Монстр долго, не мигая смотрел на Вихрова всеми своими шестью широко открытыми глазами, а потом медленно, с трудом, но вполне внятно проговорил:

– Я посмотрю… как ты заговоришь… когда нуль-навигатор отойдет в лучший мир… и я стану командиром «Одиссея»… Я сразу же соберу военно-полевой суд, и тебя приговорят к смерти… А там уже мы посмотрим, что нам делать дальше… Без тебя и тех… кто за тобой идет…

Но Вихров его уже не слушал, слова «когда нуль-навигатор отойдет в лучший мир…» кольнули его в сердце, и он понял, где ему нужно сейчас быть! Все остальное – и потерявший рассудок, ставший самым настоящим монстром Гельман, и его невыясненные возможности, и пока еще неясно чей «глаз», подсказывавший безумному флаг-навигатору нужные мысли, – все это могло подождать!

Игорь чуть прикрыл глаза, сосредоточился и… оказался перед дверью, ведущей в апартаменты нуль-навигатора. В то же мгновение в его голове прозвучал вызов от Кокошко:

«Игорь Владимирович, вам срочно надо быть у командира!»

Вихров протянул руку к идентификационной пластине и сразу понял, что дверь открыта. Толкнув ее в сторону, он вошел в темную прихожую и сразу же направился в спальню.

На этот раз в спальне горел яркий свет. Первый ассистент главного врача линкора повернулся к входящему в спальню капитану, и Игорь увидел, что он… плакал! Однако, кроме припухших и покрасневших век, ничто не выдавало слабости Кокошко. Вихров перевел взгляд на неподвижное, маленькое, безобразное тело, лежащее в постели, и все понял.

– Нуль-навигатор умер… – негромко произнес Виталий Сергеевич, – …я хотел посоветоваться с вами, как нам его похоронить… Мы ведь, если я правильно понимаю, находимся довольно далеко от ближайшей звезды?..

– Да… – сухим, надтреснутым голосом ответил навигатор-три. – Мы далеко от звезд… челнок не дотянет… хотя… Мы можем похоронить командира на К8, на том красном гиганте, который прошли недавно. Я рассчитаю орбиту и разгонные ускорения, Ежов подготовит «стриж», а вы с Ирвингом… соберите Старика…

– Вам, Игорь Владимирович, придется сделать соответствующую запись в вахтенном журнале, – подсказал Вихрову Кокошко, – поскольку вы теперь старший из навигаторов линкора, находящихся в строю, и должны принять командование… Вот нуль-навигатор передал для вас…

И он протянул капитану небольшой листочек писчего пластика, сложенный вчетверо.
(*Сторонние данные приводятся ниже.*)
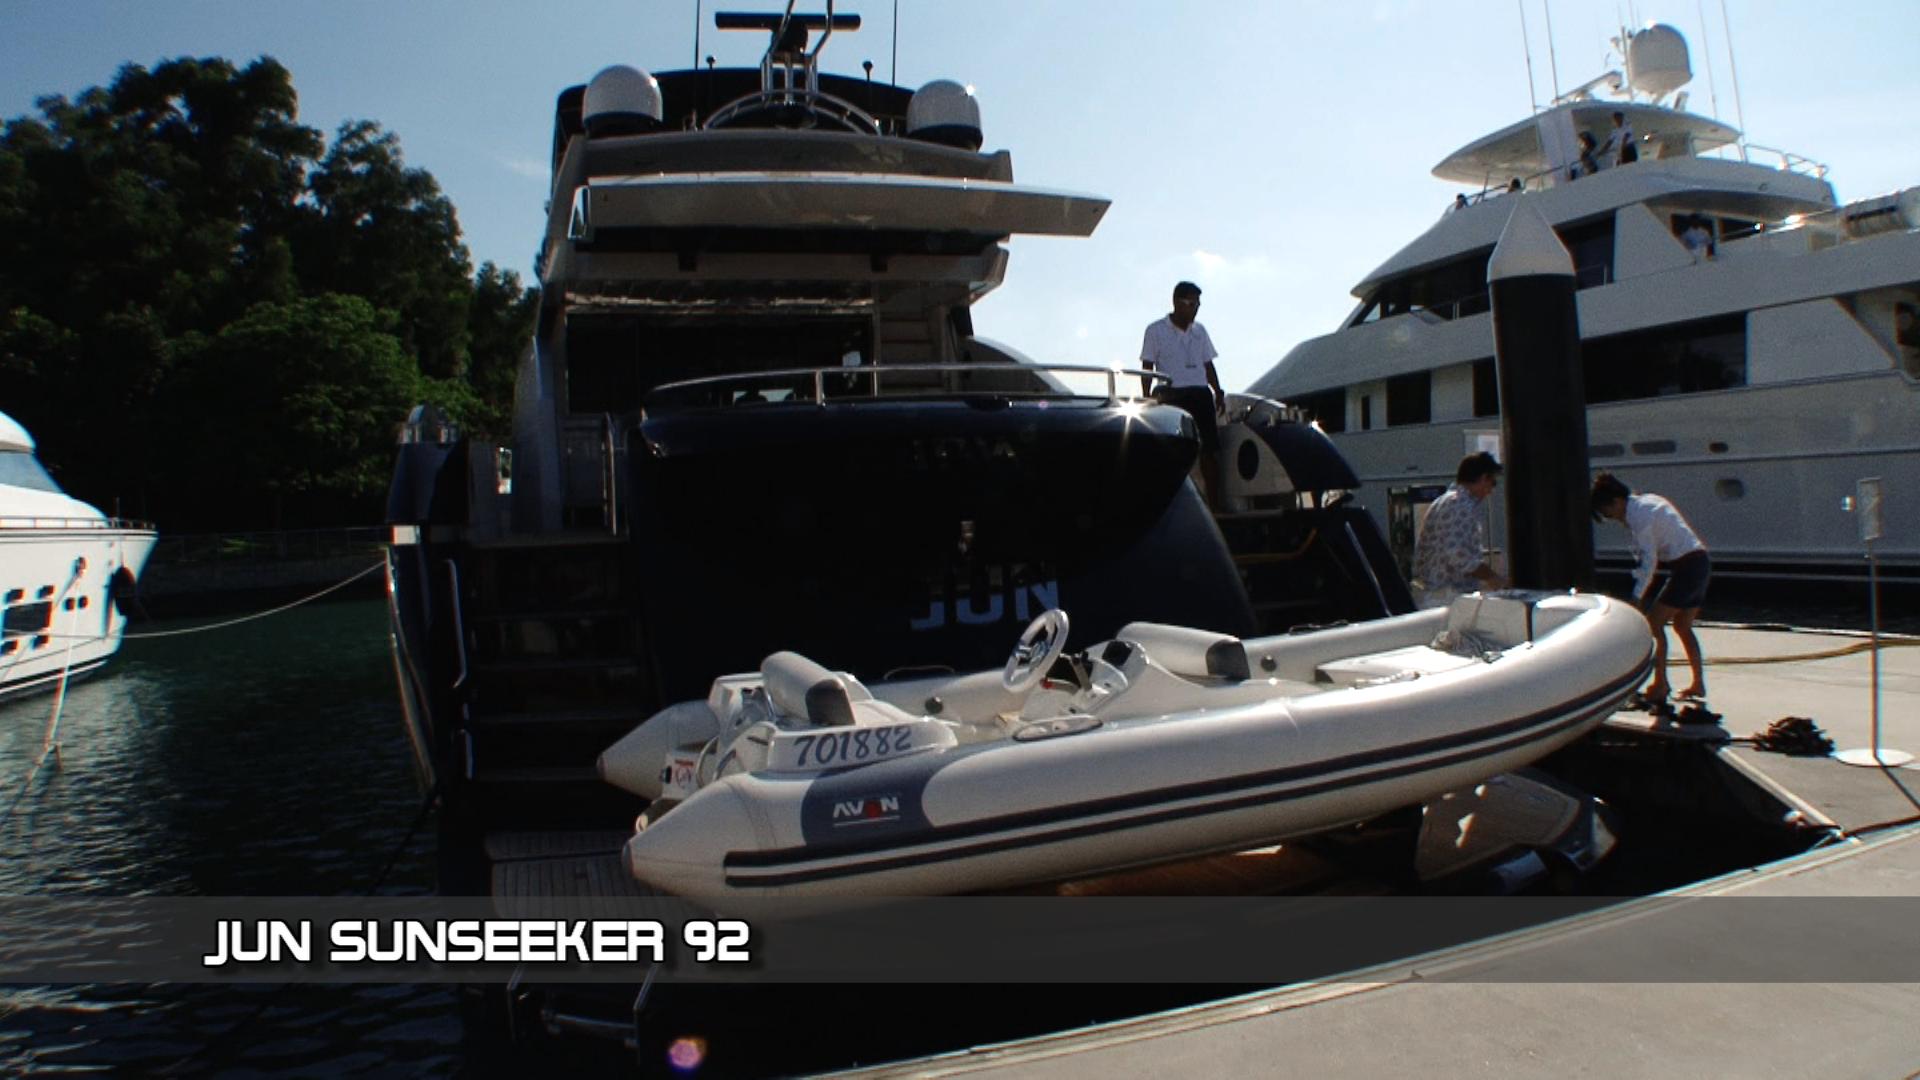 Boat Asia 2012 – Sunseeker Jun
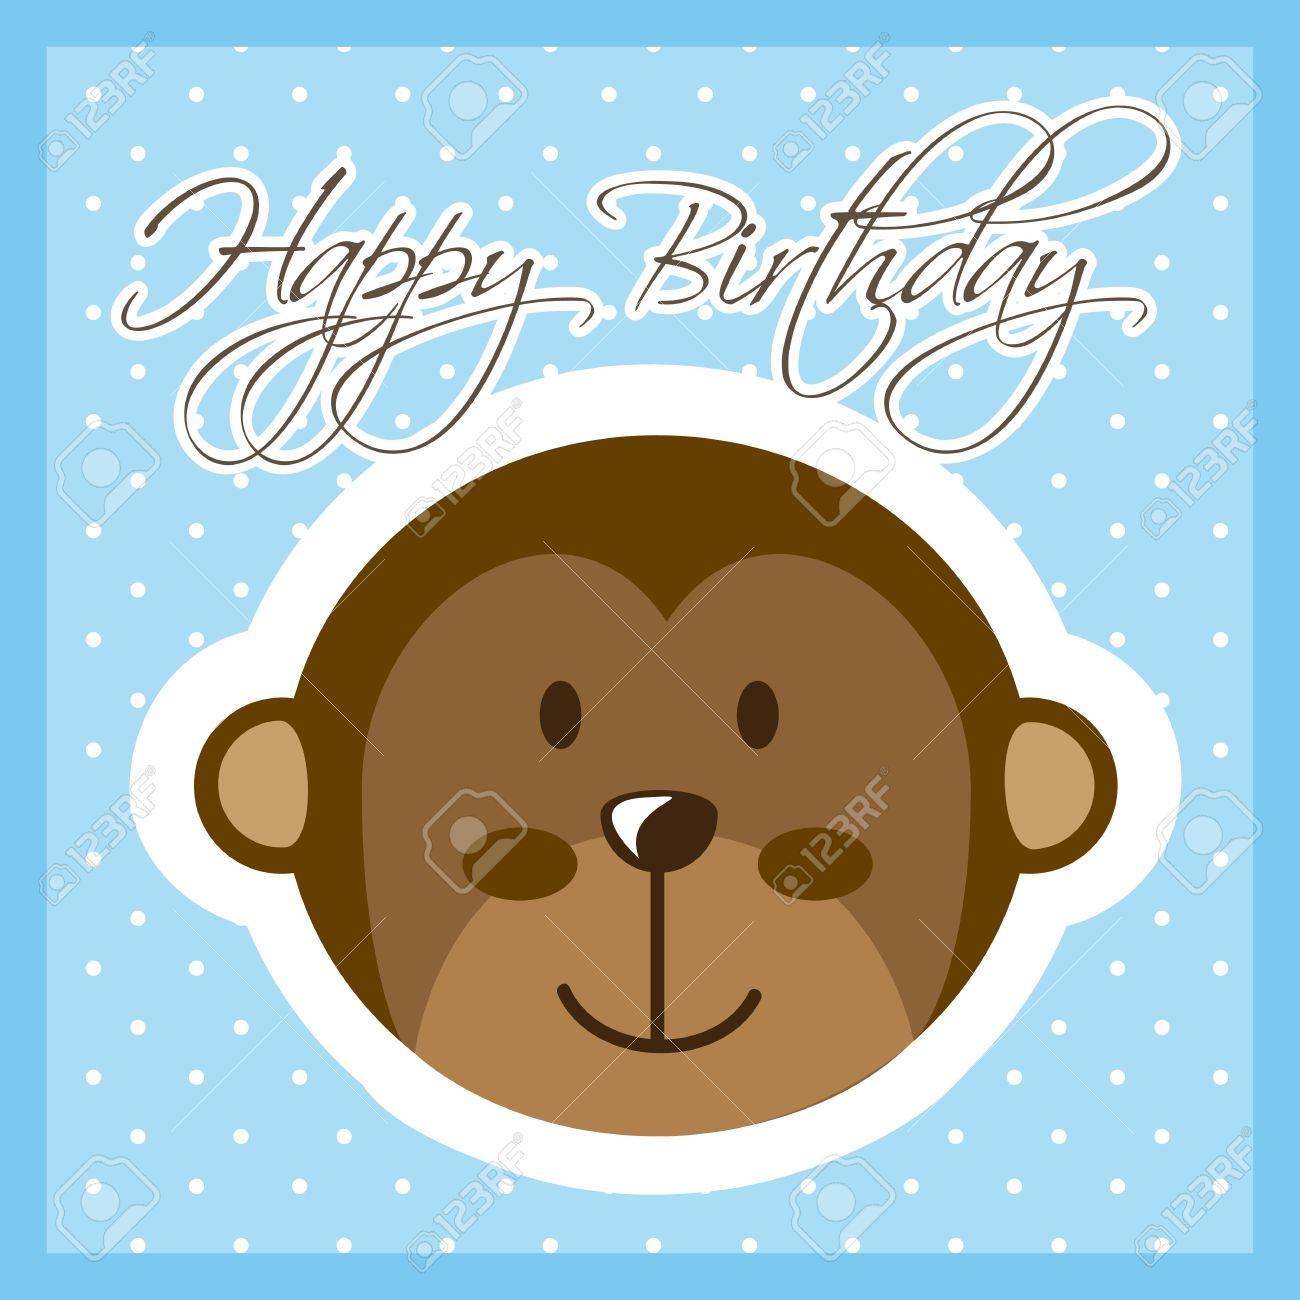 Happy Birthday Card With Monkey Vector Illustration Royalty Free – Monkey Birthday Card

Игорь взял лист, на его верхней части было написано «навигатору-три Вихрову». Развернув лист, он увидел семь цифр и четыре буквы, написанные рукой Старика, видимо, в то еще время, когда он мог писать – командирский дубль-код доступа к информационной базе Главного компьютера.

Игорь кивнул и после секундного молчания добавил:

– Вам, Виталий Сергеевич, надо будет засвидетельствовать мою запись в бортовом журнале.

Теперь уже молча кивнул Кокошко.

Офицеры несколько минут молча смотрели на маленькое, совершенно непохожее на нуль-навигатора существо, лежащее под простыней, а затем Вихров развернулся и двинулся в кабинет. Не без трепета усевшись в кресло командира, он включил компьютерный блок и подождал, пока на засветившемся экране монитора не появилась надпись «готов к работе».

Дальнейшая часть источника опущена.